Personas como Assange son absolutamente necesarias como auténticos canarios en la mina, los que los mineros llevaban en una jaula y eran los primeros en morir cuando aparecían bolsas de gases peligrosos. Con su sacrificio, el de verse obligado a vivir sin salir de una embajada y sin poner un pie en la calle durante ya más de cinco años, Assange – o lo que quede de él – da la voz de alarma cuando derechos fundamentales como la privacidad se vulneran para convertir nuestras sociedades en un escenario como el anticipado por George Orwell en 1984, en esquemas de control total sobre el pensamiento de los ciudadanos. 

En Cypherpunks, libro cuya edición española tuve la oportunidad de prologar, Assange dibuja cómo los gobiernos están utilizando la red para dar lugar al mayor aparato de espionaje y vigilancia de los ciudadanos que ha existido nunca. Estamos viviendo una realidad que convierte a George Orwell en el más grande de los visionarios, una dinámica con muy pocas posibilidades de vivir una marcha atrás.

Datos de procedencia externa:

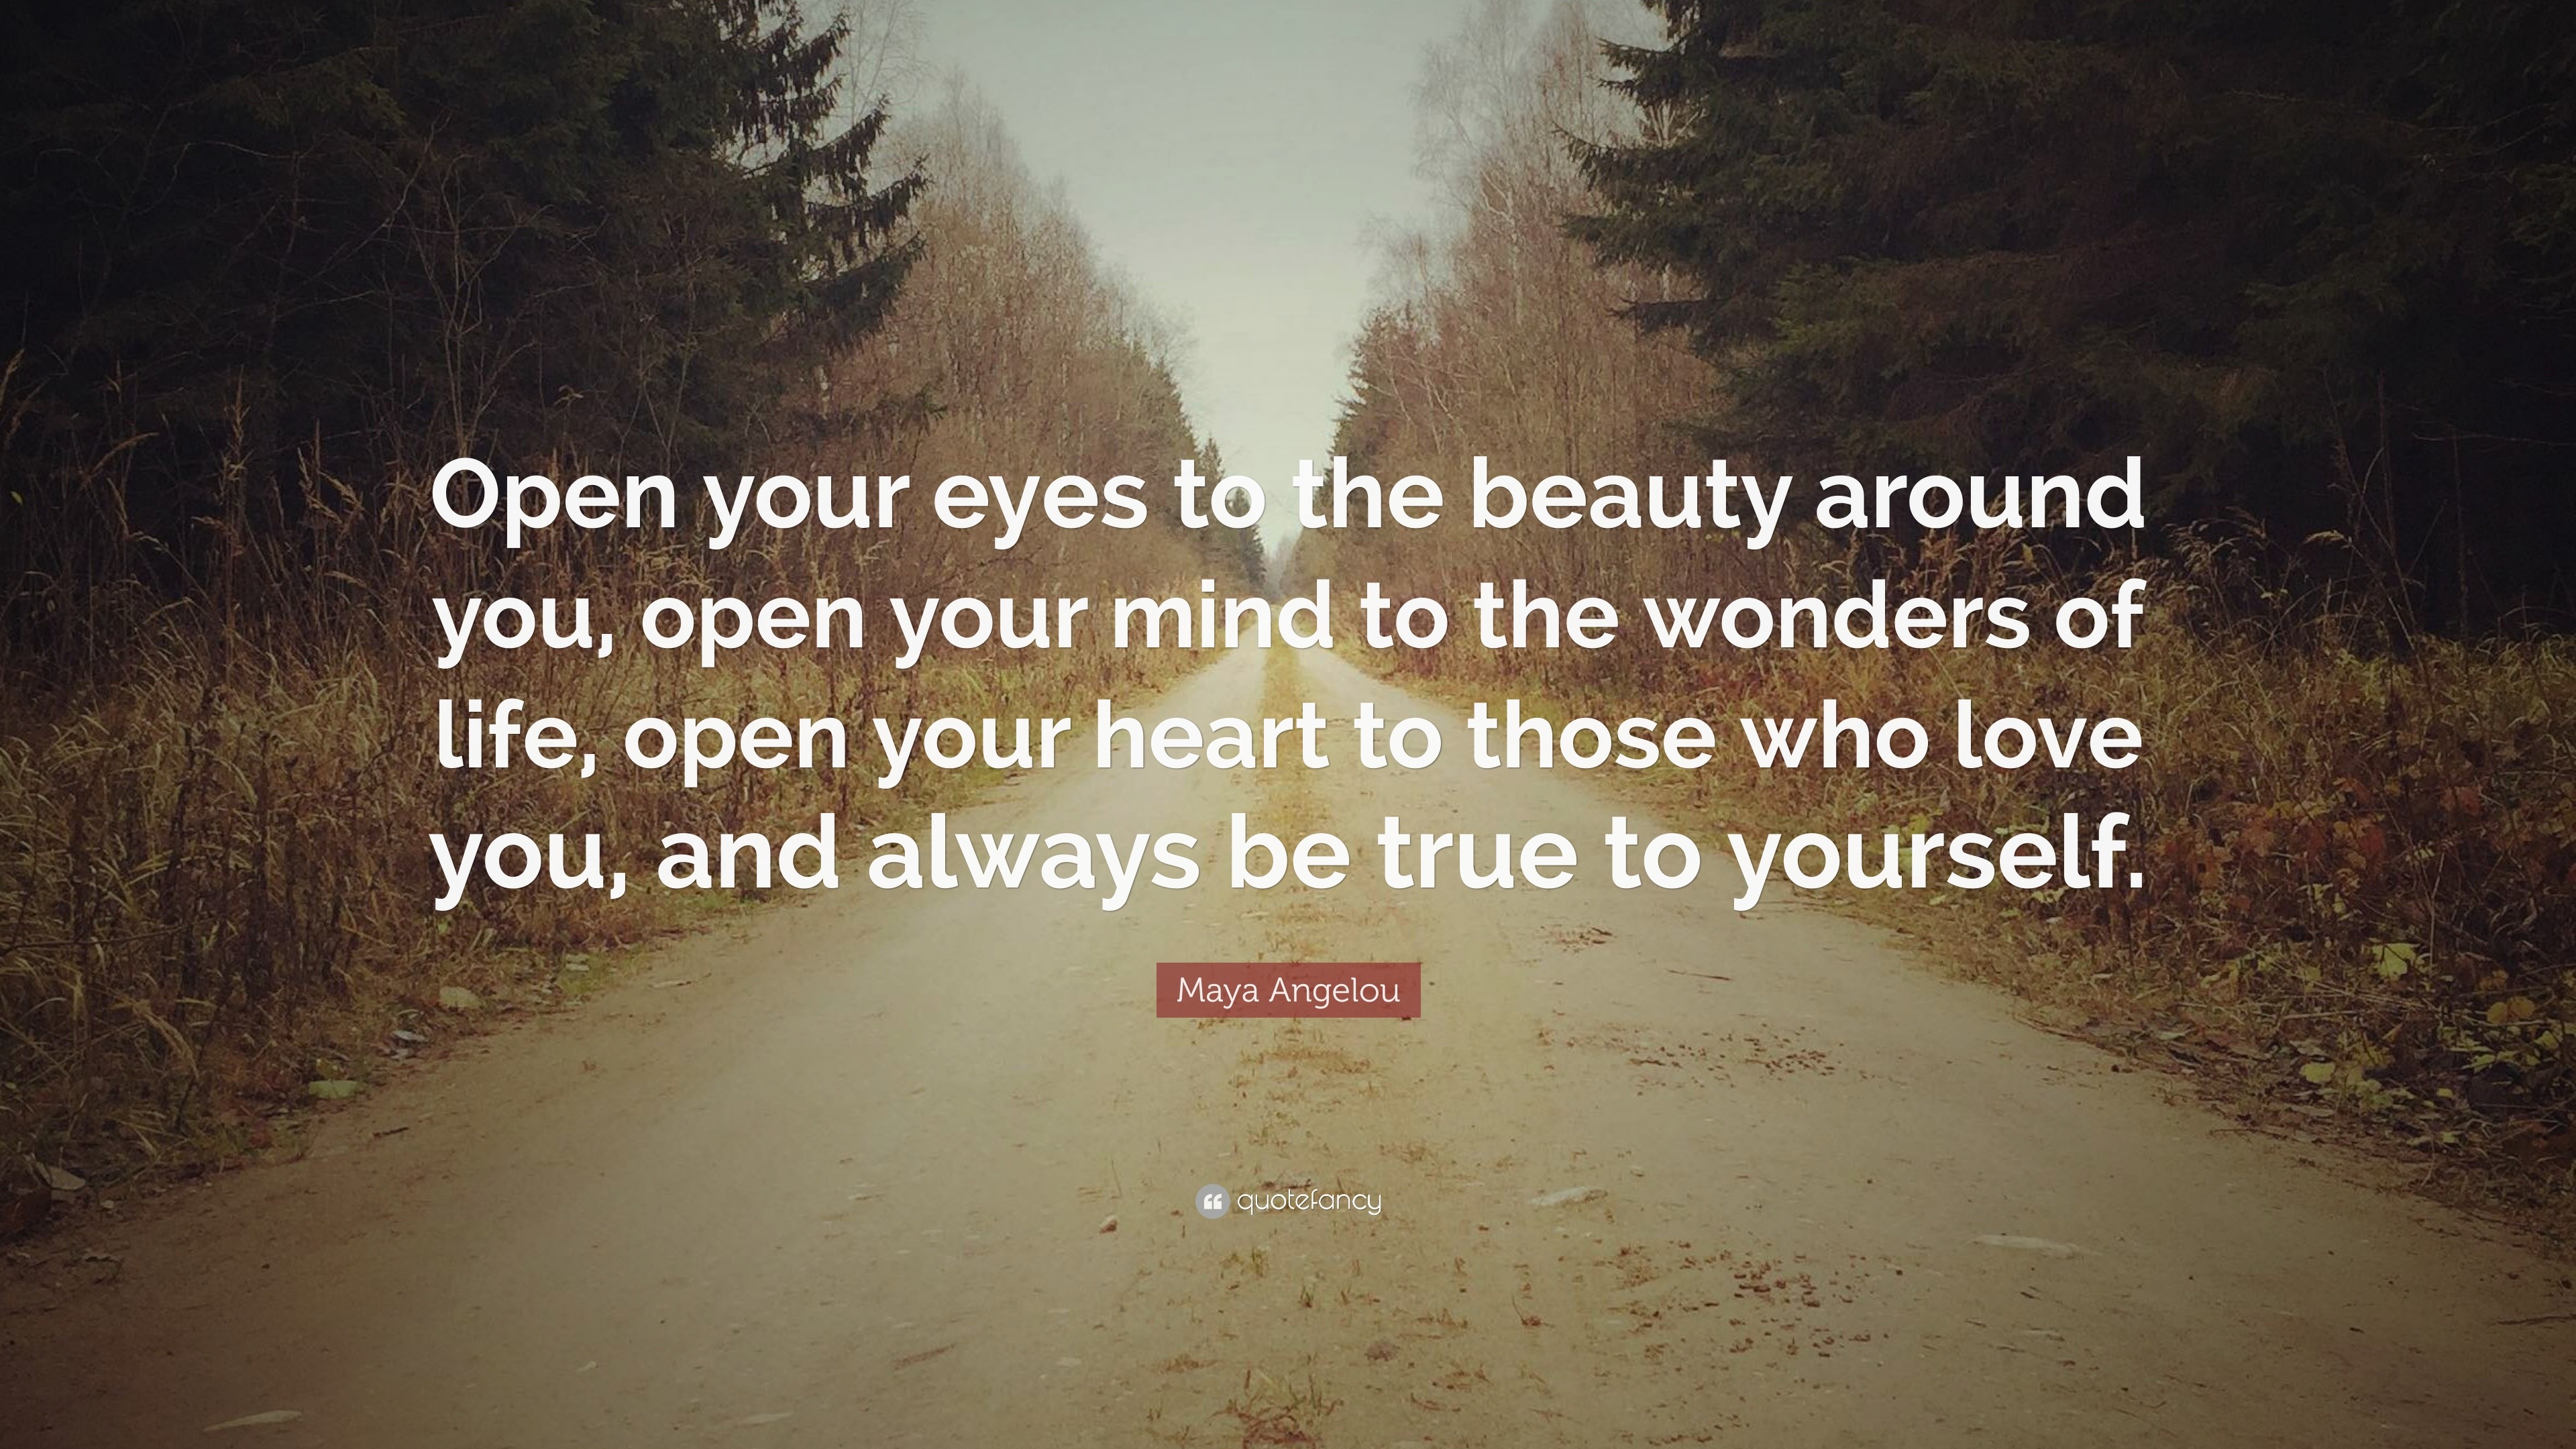 Maya Angelou Quote: “Open your eyes to the beauty around you, open your ...

La libertad de la que disfrutamos en internet desde su creación y popularización se nos está escapando entre los dedos, está desapareciendo a toda velocidad, mientras todo un conjunto de tecnologías como las cámaras, los sistemas de reconocimiento facial, la cibervigilancia, la deep packet inspection, los filtros o la retención de datos van convirtiendo el mundo en que vivimos en un entorno completamente diferente, en una dura realidad que nos va a costar mucho trabajo explicar a nuestros descendientes. Cabalgando junto a jinetes del Apocalipsis como la protección de los derechos de autor, la pornografía infantil o la amenaza terrorista nos están trayendo recortes de derechos y libertades sin precedentes, supuestamente en aras de un bien común, desdiciendo a aquel Benjamin Franklin que con tan buen juicio aseveraba que “aquellos que sacrifican libertad por seguridad no merecen tener ninguna de las dos”. 

Es a la hora de darnos cuenta de esa dolorosa y desasosegante realidad cuando figuras como Julian Assange, acompañado de sacrificados héroes como Chelsea Manning o Edward Snowden, adquieren su verdadera dimensión. Una dimensión indudablemente histórica, que muchos serán incapaces de entender aunque tengan sus evidencias delante de sus mismísimas narices. Pero las cosas, porque el hecho de que no lleguemos a entenderlas o que su magnitud nos sobrepase, no dejan de ser importantes. Brutalmente importantes.